The rite of the synagogue is that of Bevis Marks in the City of London.  Regular services are no longer held due to a lack of a local Sephardi congregation.

Architecture
The building is set on a knoll that, in Sir Moses' day, overlooked extensive gardens.

The synagogue is a noted example of ecclesiastical Regency architecture. The architect was Montefiore's cousin, David Mocatta. It was the first purpose-built synagogue in Britain designed by a Jewish architect. It is a masonry building covered with stucco.  The building is a rectangular with canted corners and a semicircular apse to accommodate the Torah Ark. The small vestibule contains the stairway of the women's gallery.  The facade features a clock, which is the only example in an English Synagogue. The clock bears the motto, Time flies, virtue alone remains.  The Montefiore coat of arms was a later addition to the facade.

The typically Regency interior features an octagonal dome with a lantern to admit daylight, and a window over the Torah Ark. The interior was originally of whitewashed plaster. The pink, grey and cream marble and granite walls and much of the furniture were added by Montefiore's heirs in 1912. Oak furniture and iron gallery supports were added in 1933. Windows on the northeast and southeast walls with stained glass were also added in 1933.
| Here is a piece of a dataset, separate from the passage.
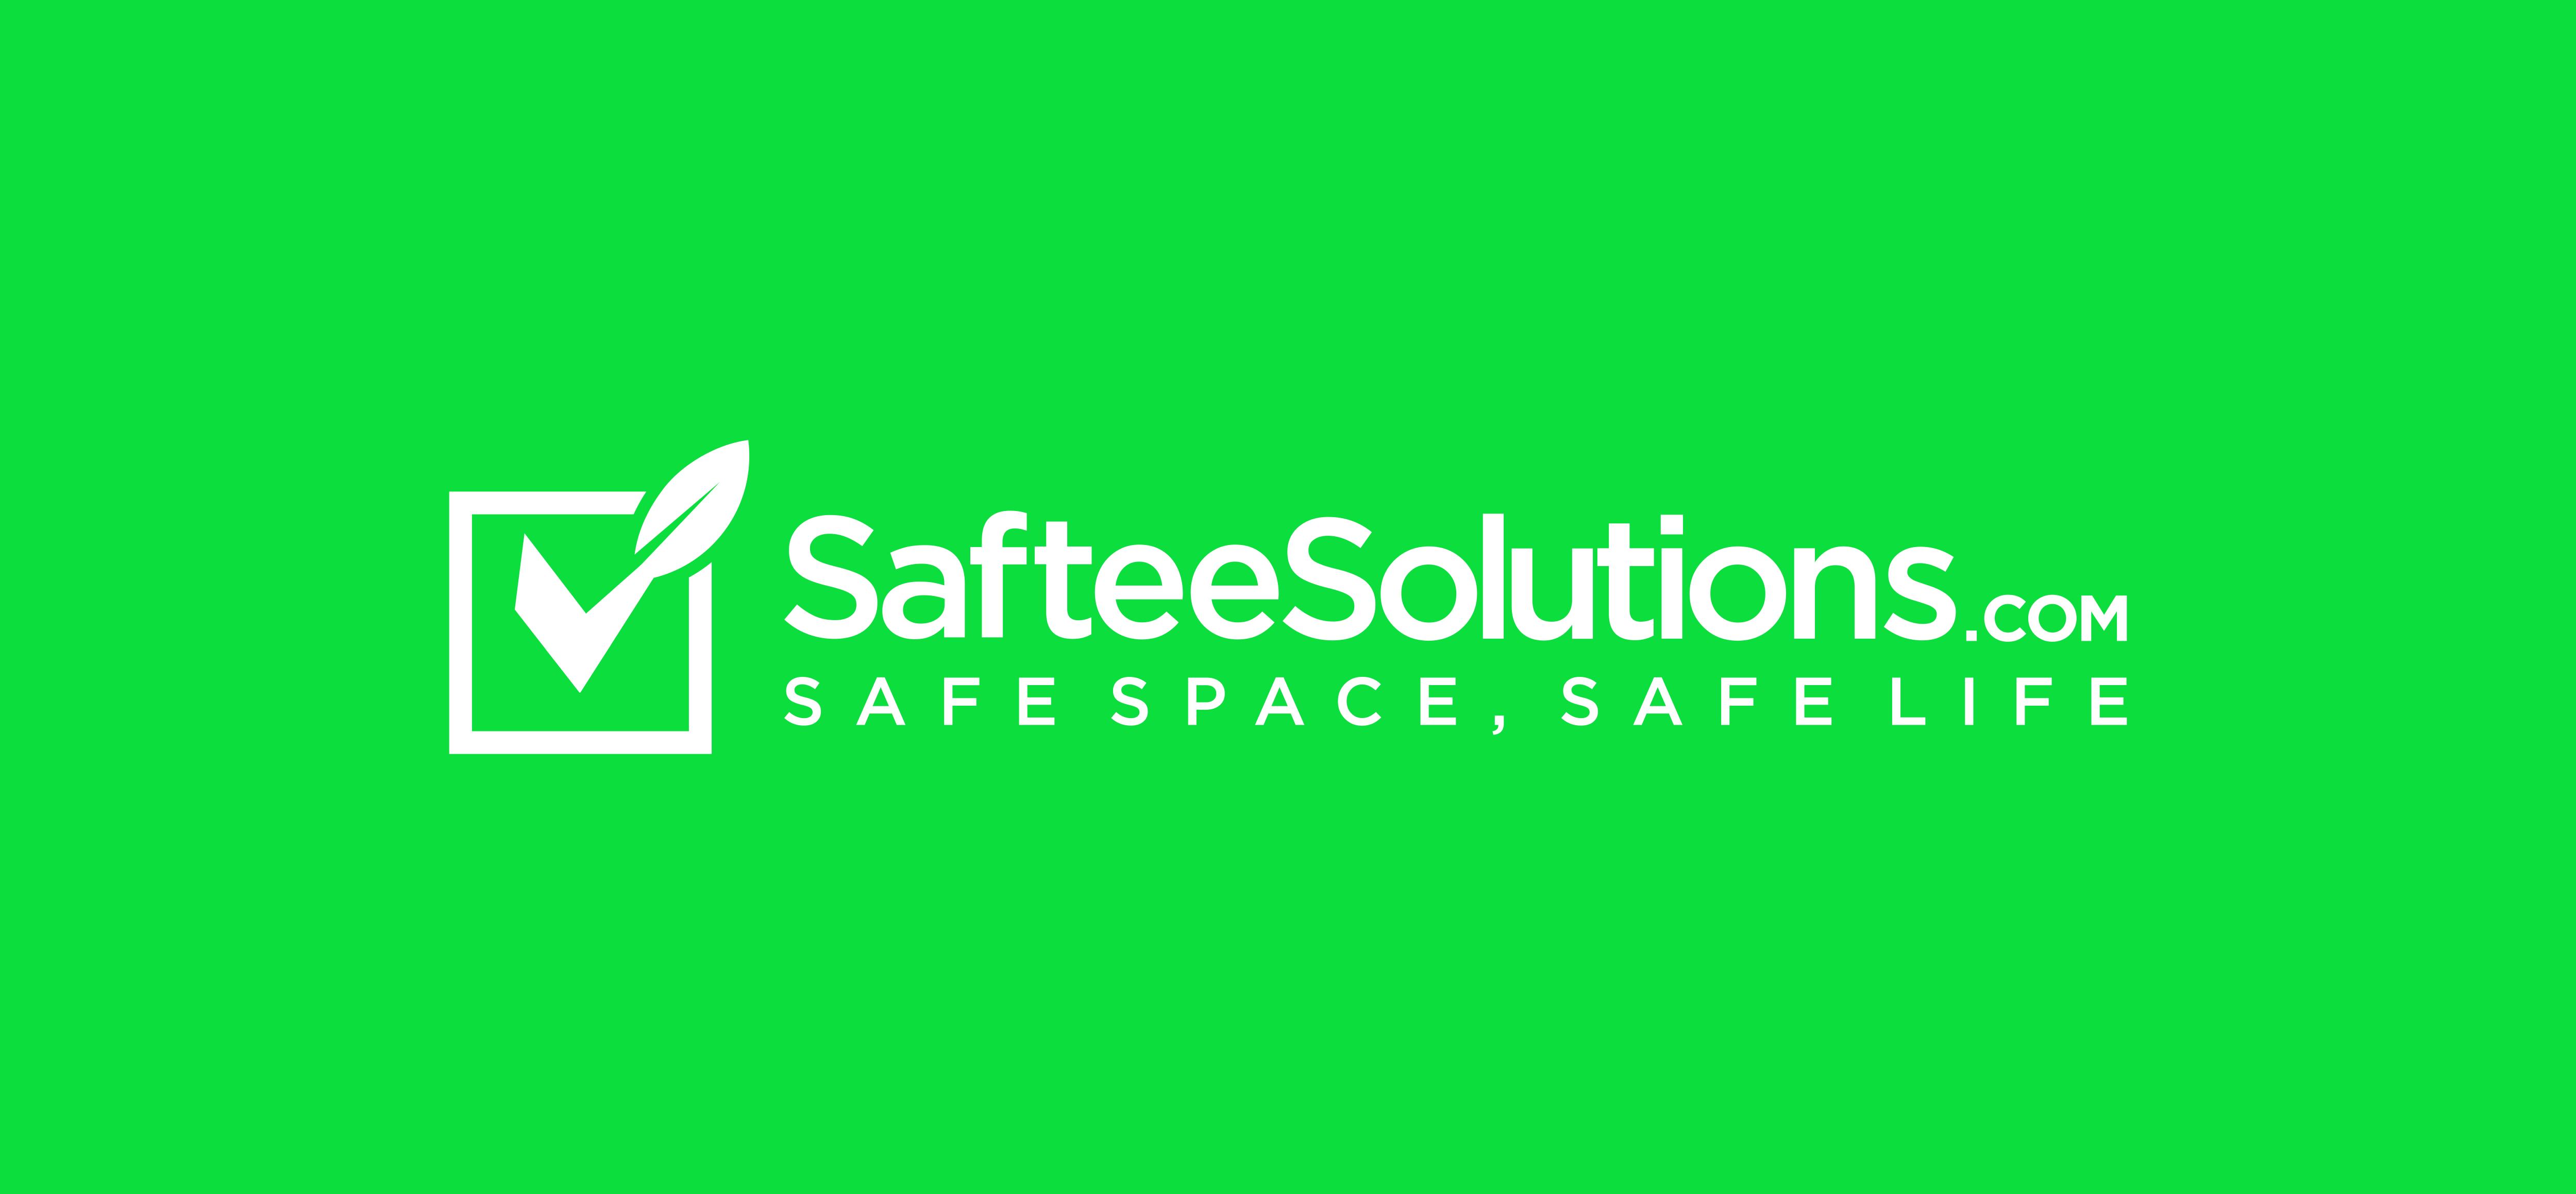 Eye catching logo for a sanitization company

The synagogue is illuminated by candles in the original chandeliers. The gallery is curtained by an old-fashioned, tall latticework. It retains Lady Montefiore's original seat, no. 3. Sir Moses' seat is on the ground floor.  In 1933, the original wooden board with the prayer for the Royal Family was moved to the Bristol Synagogue.

In the lobby there is a memorial to a member of the family, Captain Robert Sebag-Montefiore who was killed in Gallipoli during World War 1.

Mausoleum

Next to the synagogue is the tomb which is the final resting place of Sir Moses and Judith, Lady Montefiore. It is a replica of Rachel's Tomb on the road from Jerusalem to Bethlehem. During an 1841 visit to the Levant, Montefiore got permission from the Ottoman Empire to restore the tomb.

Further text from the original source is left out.